# Reality vs. Expectation



## Spider (Aug 24, 2013)

Thought this was funny.


----------



## Jess A (Aug 24, 2013)

Haha! Loved the bit particularly about the work space. I painted my office in calming blue tones and set it up to 'fuel my muse' - I never, ever write in there. It's become more of a storage space for books, guitars and research. I sit at my desk in my bedroom or on my bed, or I write in a notebook when I'm out and about. I keep saying I'll clear the office one day, and use it properly. But...it's been three years.


----------



## Devor (Aug 25, 2013)

That was depressing.


----------



## Daenelia (Aug 28, 2013)

I always envision Roald Dahl in his old chair in the shed. That's reality and it is pretty romantic. 

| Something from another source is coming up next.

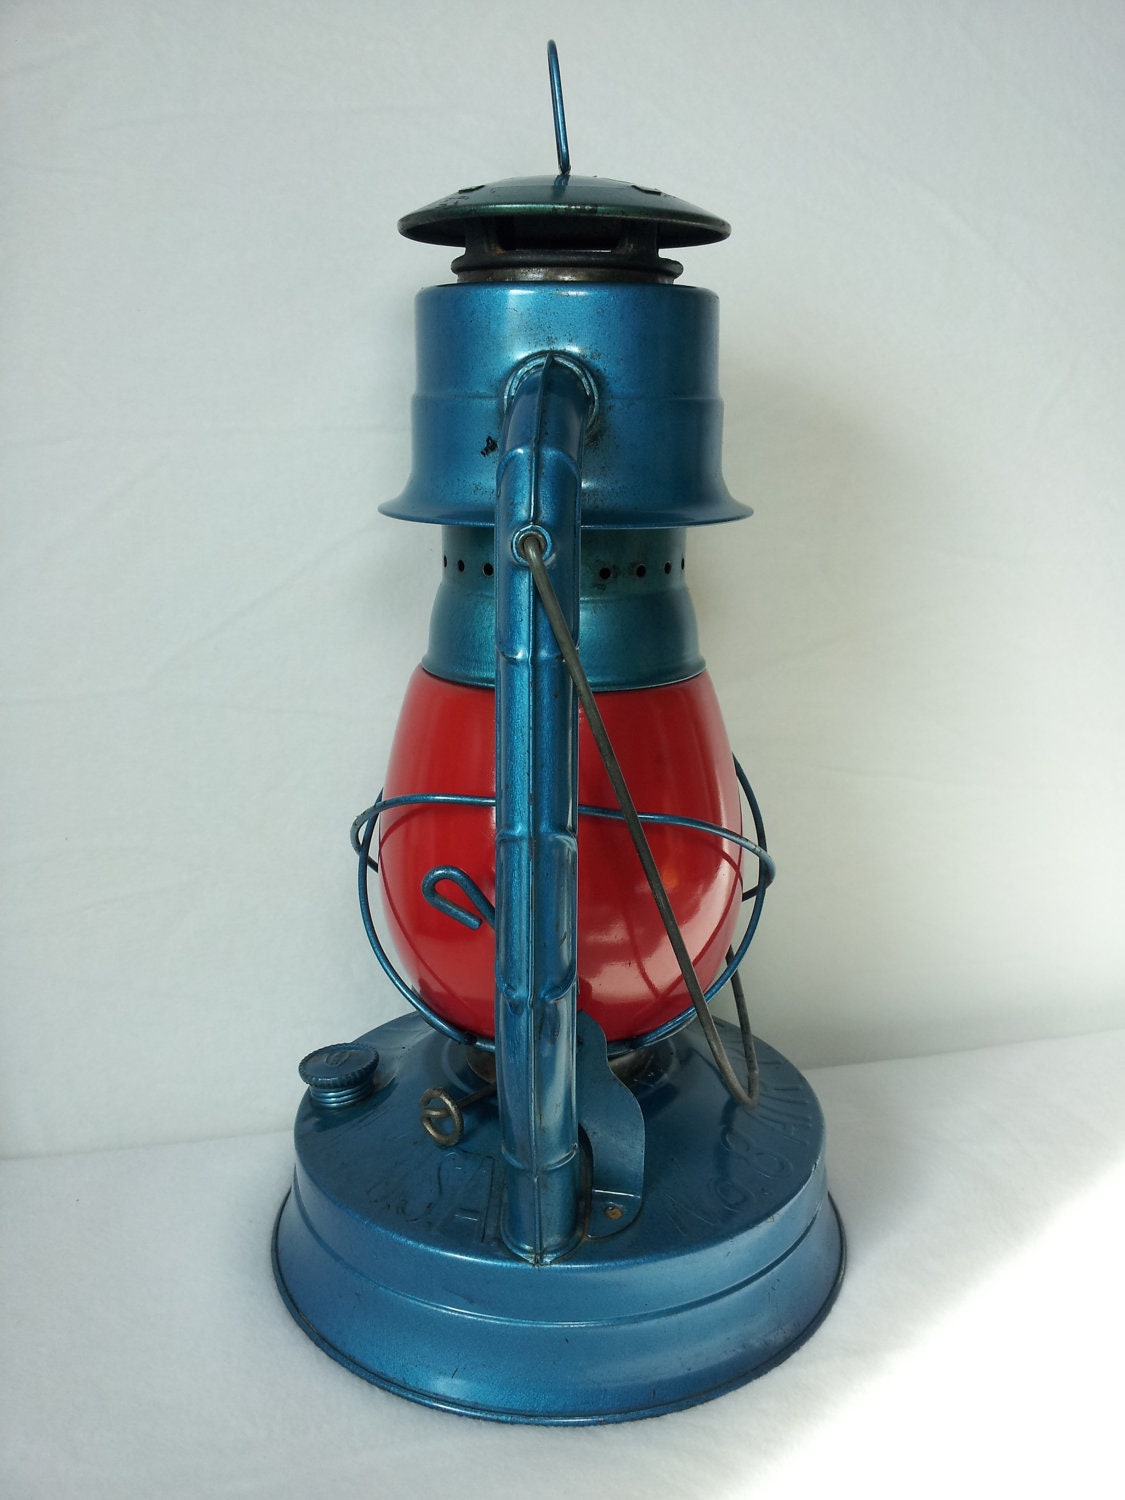 Dietz N.Y. U.S.A No. 8 Air Pilot Kerosene Lantern

... I am already planning a shed in the garden even if I will never write a book.


----------



## A. E. Lowan (Aug 28, 2013)

My reality involves a chair with folded towels for added padding, a stuffed baby griffin, and a metal slinky.

And pens.  An ungodly amount of really nice pens.  Which is really funny since I do all my note-making on the computer.


----------



## Steerpike (Aug 28, 2013)

Expectation:

I have a nice writing space where I can put my computer!

Reality:


----------



## Nihal (Aug 28, 2013)

The above pic reminded me of my situation.

Expectation: Large desk with space of all my stuff neatly organized, my big awesome tablet + new display and desk lamp.

Reality: Me sitting on the rug of my living room (at least it's comfy) with my laptop, my smaller tablet, a blanket and two cats jumping on me because I'm on the floor.


----------



## Spider (Sep 10, 2013)




----------



## druidofwinter (Sep 10, 2013)

Lol! I love that Spider!


----------



## ThinkerX (Sep 11, 2013)

I have a dedicated writing space that I write at...

...and one of these days I'll be able to see the desk underneath it.  Make that two desks and assorted book cases, all piled high with tottering stacks of books, papers, and other things... (On the bright side, a few weeks ago I did find the stapler I'd lost years back.  Gotta wonder what else is beneath some of those stacks.)


----------